*Required action:* The material below holds pictures, which are to be left out; copy exactly the lines from the one with "Shiloh Midsleeper Underbed Drawers" through the one with "San andreas full".

*Dataset records:*
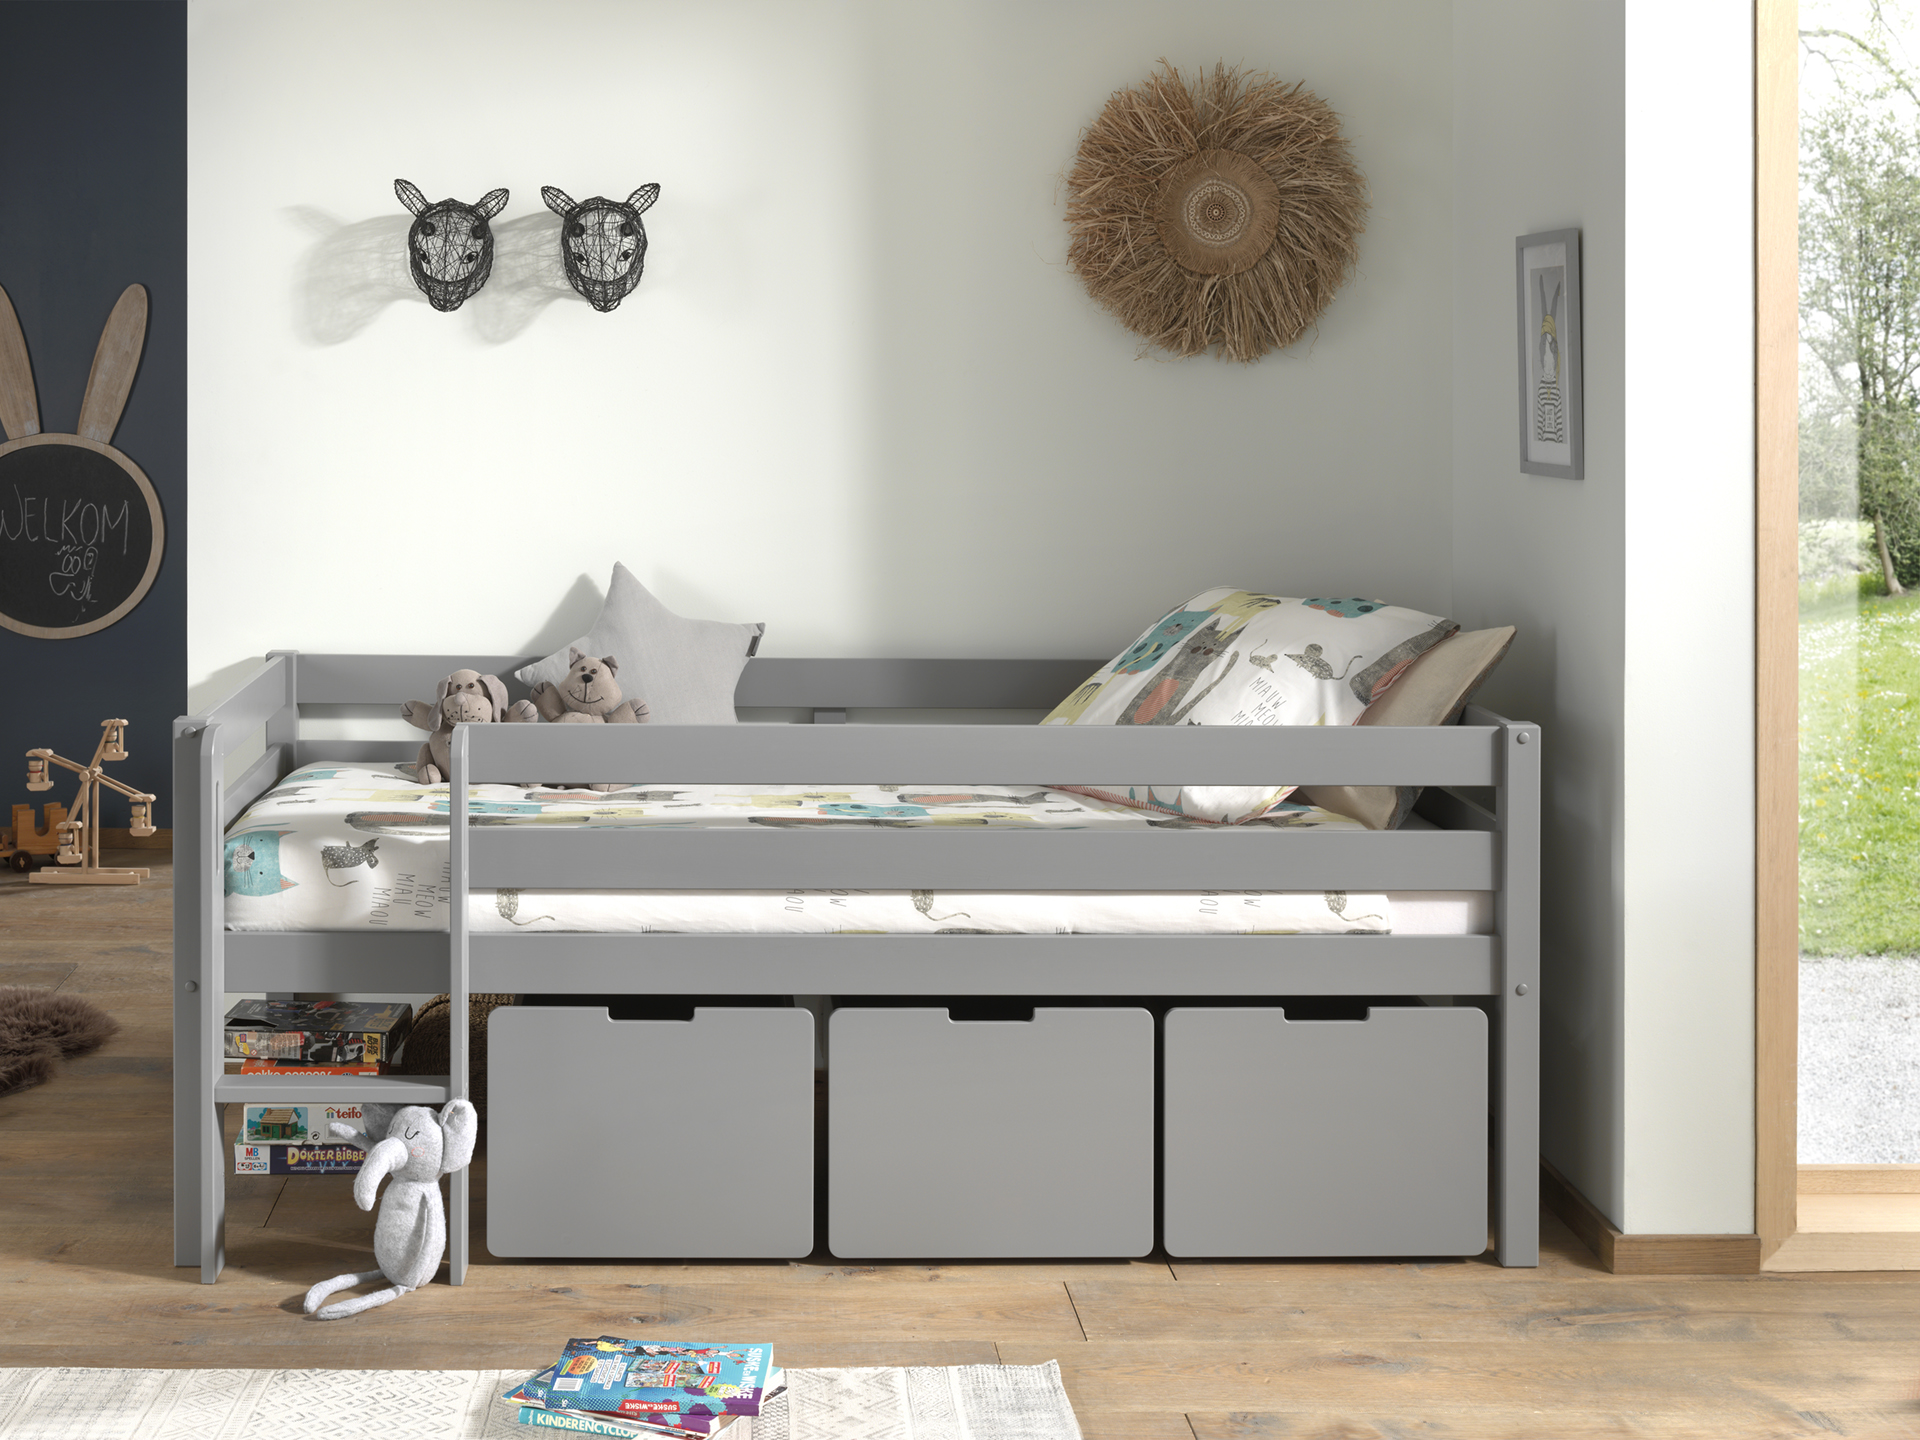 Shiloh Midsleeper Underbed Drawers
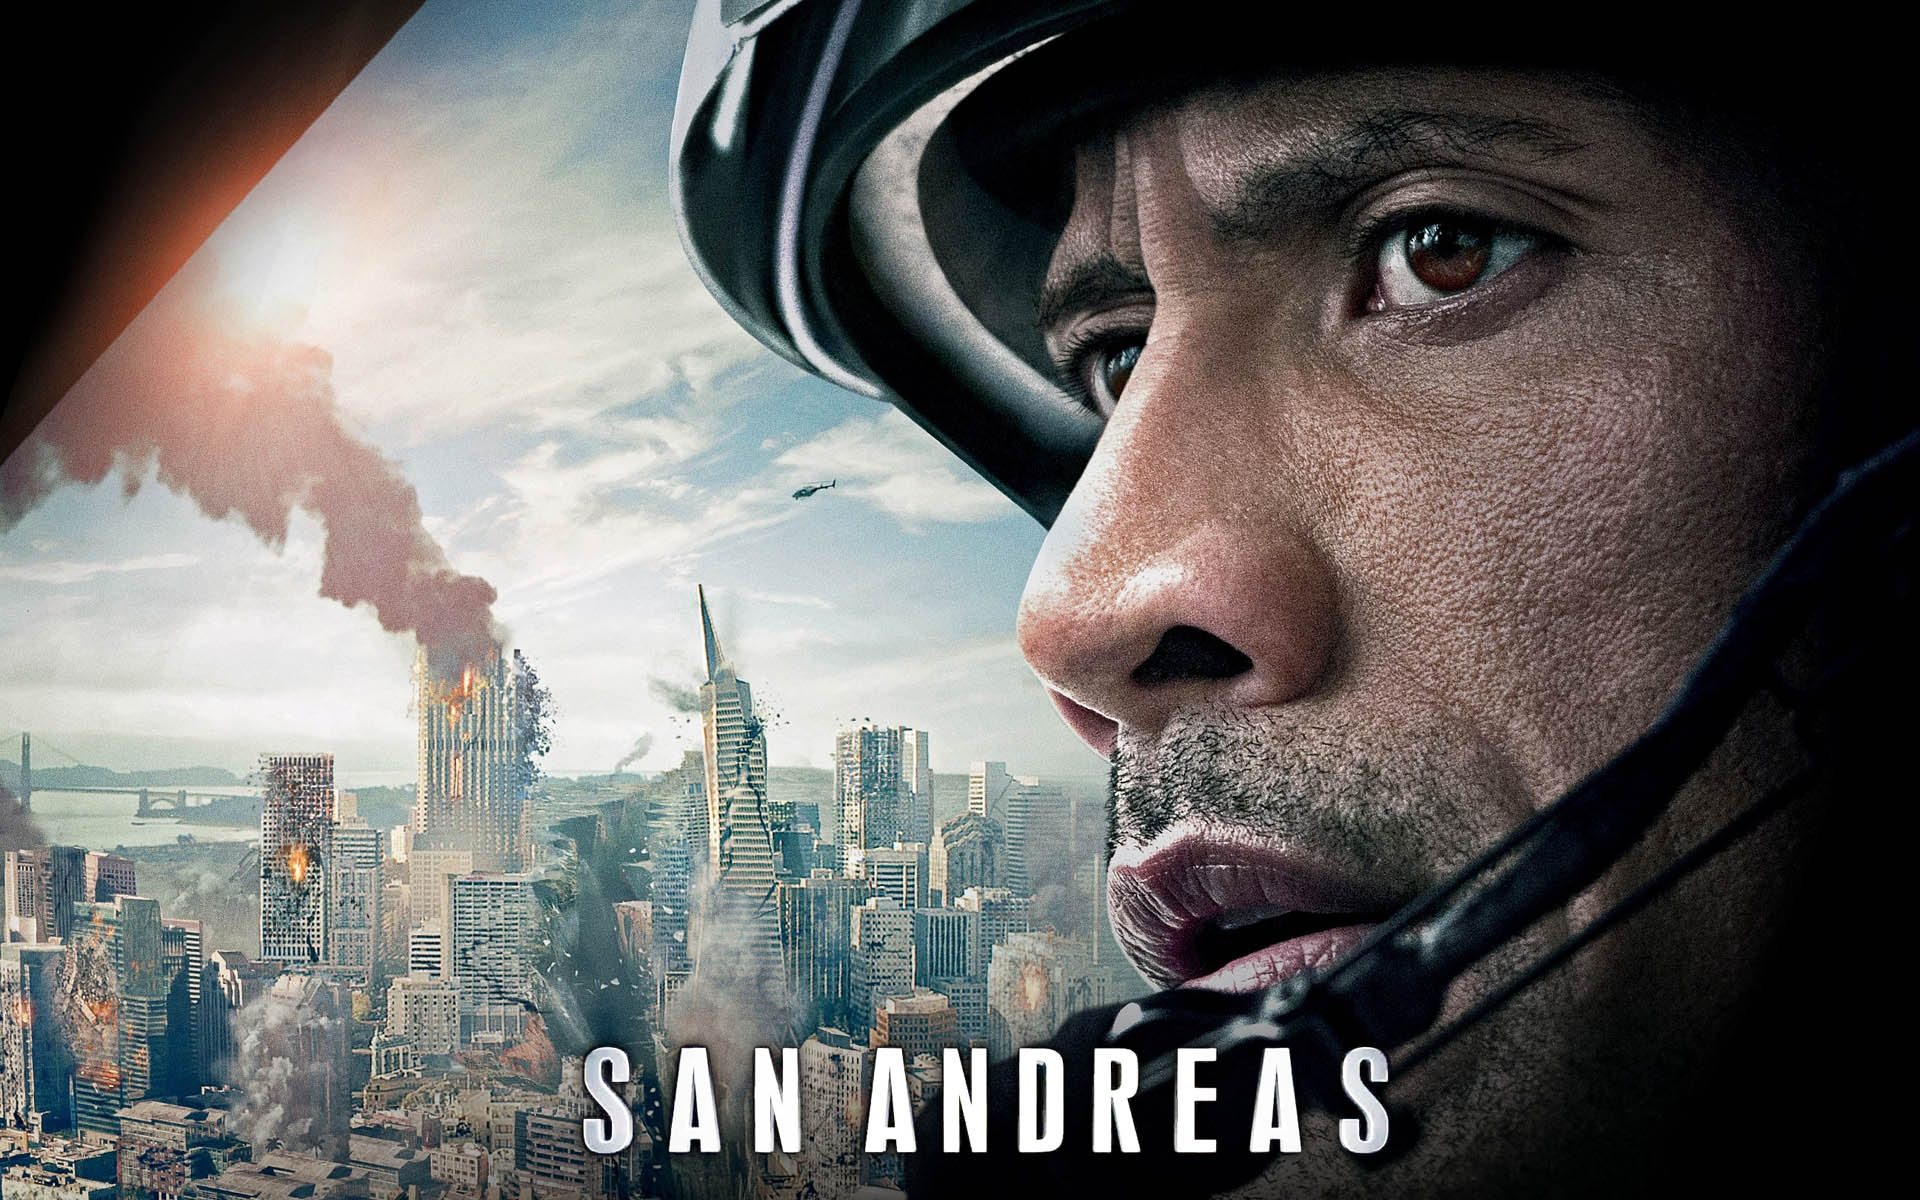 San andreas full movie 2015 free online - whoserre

...

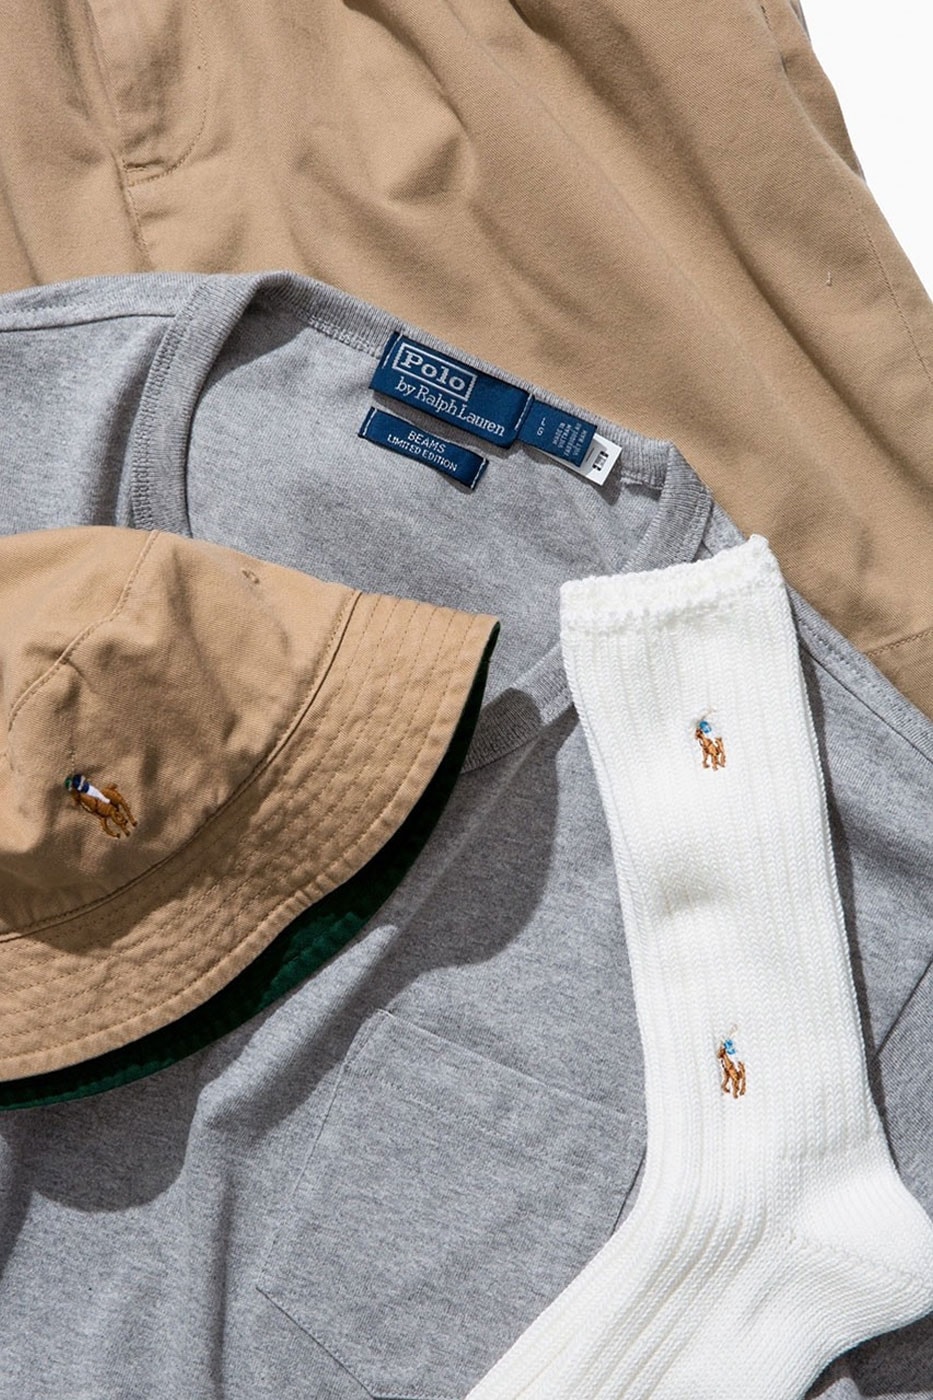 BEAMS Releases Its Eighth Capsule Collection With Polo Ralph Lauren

*Solution for this task:*
 Shiloh Midsleeper Underbed Drawers
 San andreas full movie 2015 free online - whoserre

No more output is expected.